The initial headline figure on the NSP is $90 billion — but that’s really only the tip of the iceberg with an air warfare destroyer (or guided-missile destroyer) project to build three ships entering its final stage, and the launch of the HMAS Hobart in September — already budgeted at $9 billion. The other two ships, the Brisbane and the Sydney, are already in progress and due to be delivered in April 2018 and December 2019, and the long-term maintenance costs on at least three Collins-class submarines that will undergo a major upgrade to extend their lives by 10 years each. Twelve submarines and 33 frigates are planned under the NSP.

One way or another it will be a central plank in Malcolm Turnbull’s legacy after he switched tack from Tony Abbott’s plan to buy relatively cheap off the shelf submarines from Japan, making a 30-year commitment to develop a sustainable, technology-heavy industry sector in Australia by building the ships in SA.

The the decision to build the submarines and frigates in Australia is a clear attempt to finally replace the loss-making auto industry and fits with Turnbull’s stuttering National Innovation and Science Agenda and, if played right, could well salvage a big win for that strategy by using $1.6 billion that has been set aside for the Next Generation Technologies Fund, the Defence Innovation Hub and a clutch of smaller initiatives.

The rapidly rising concerns over exactly what the NBN will actually deliver to most Australians are a stark warning of how well-intentioned and expensive (but ill-conceived possibly fatally designed) “nation building” projects can go awry through rushed decision making and politically driven changes.

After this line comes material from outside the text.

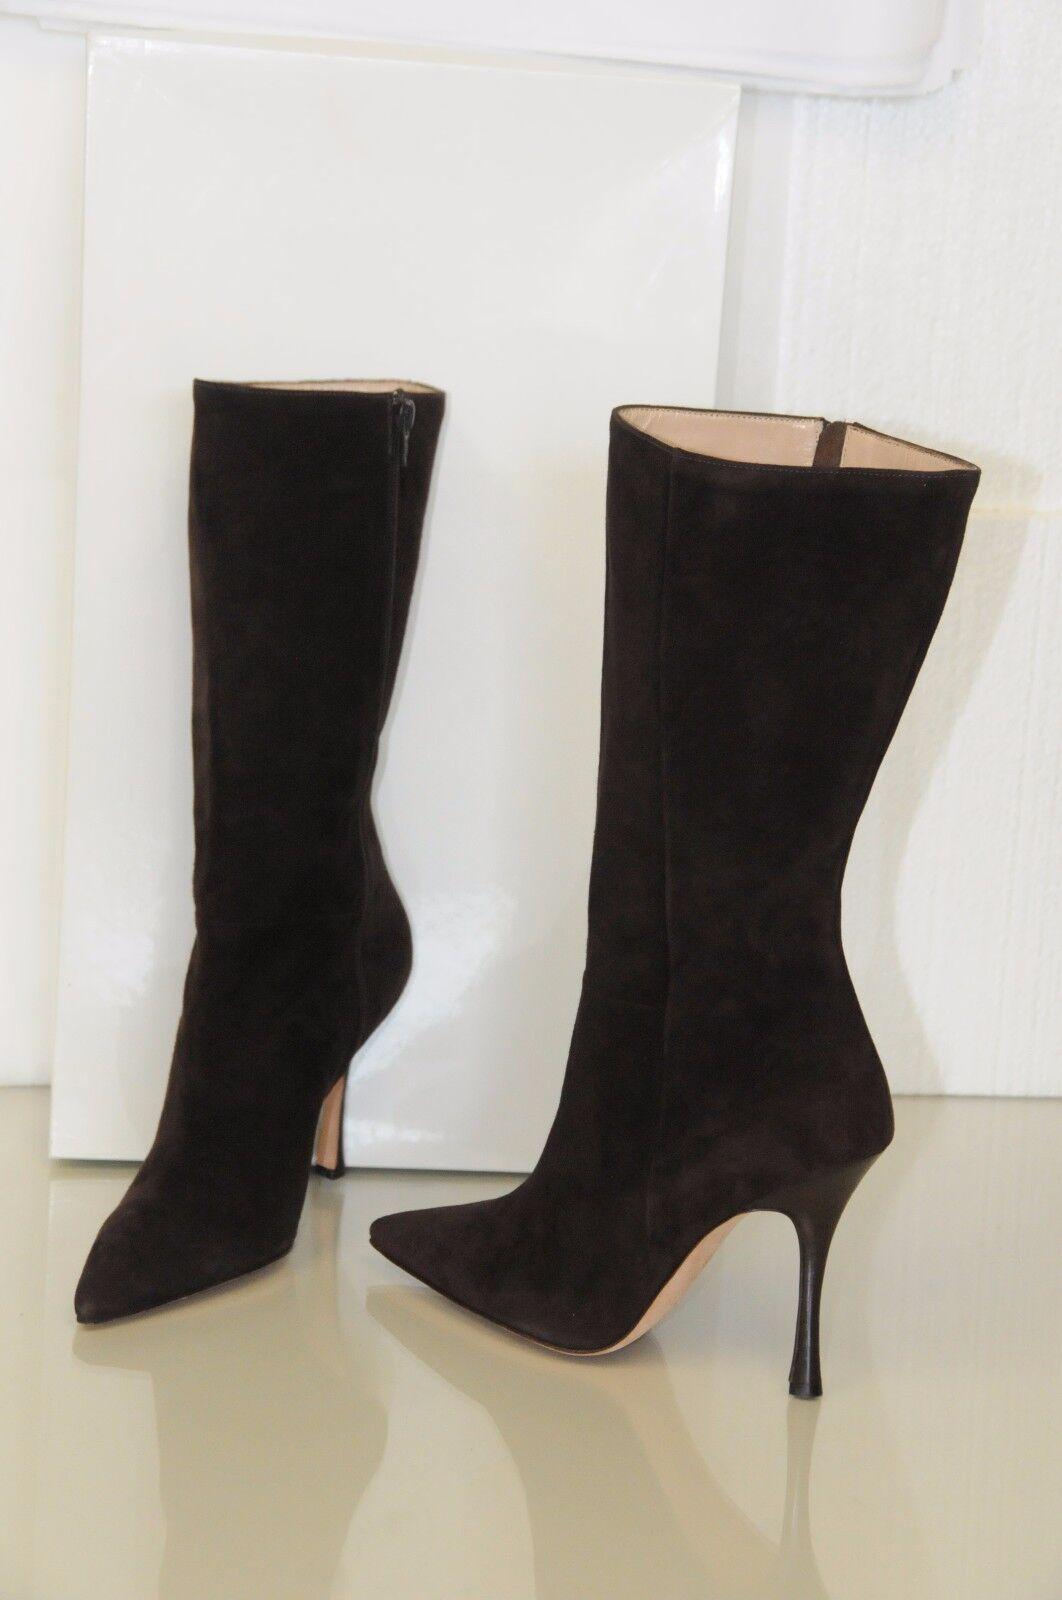 $1395 New MANOLO BLAHNIK GATTI GATTI BLAHNIK Chocolate Braun SOFTEST Suede BB Stiefel SHOES 39 2bfa11

The vested interests here are legion so unsurprisingly rumours are already rife in the defence force, the defence and industry departments responsible for delivering on the project, as well the sprawling defence industry supply chain, about trouble with the submarine contract which was handed to France’s Naval Group.

One big and potentially project-crimping issue has already emerged: the lack of people to work on the project at multiple levels. Naval Group has found that attaining enough skilled people for just the design stage is proving difficult.

Sources familiar with the Future Frigates program told Crikey that the navy was “building ships they wont have enough sailors for”. And indeed, there is cap on numbers for all parts of the armed forces at present.

There are also signs that the broader implications of such a major project have not been considered across other portfolios, and certainly no whole- or part-of-government approach to the project, or the complex national implications, has been elucidated.

The sheer numbers that are being sought will add tens of thousand of people to the defence industry in and out of uniform — particularly if the dark warnings of the conservative think tank the Australian Strategic Policy Institute in its November 16 report, in which it calls for even more spending, are heeded. This augurs the possibility of a deeper and longer lasting cultural shift as Australian defence, with its inherent nationalism, becomes an even more significant industry. ASPI want the government to further step up defence spending beyond the 2% of GDP target that is in the current plans.

The resources sector’s two biggest exports, iron ore and coal, are highly unlikely to return to boom times any time soon, so there will be a huge temptation to create more defence construction jobs. Yet these new priorities of government spending are already bumping up against other imperatives: health as the population ages, much needed tourism infrastructure (including big ticket improvements to urban public transport and regional rail), and education as the digital revolution continues to roll across the economy.

Providing that too much money is not pissed into the wind — the Air Warfare Destroyer project is already more than 10% over budget — the ramp-up in defence spending is a on face value a big win for Australia’s economy. But it must be considered within the bigger picture at many levels and is now a major policy priority for this and future government.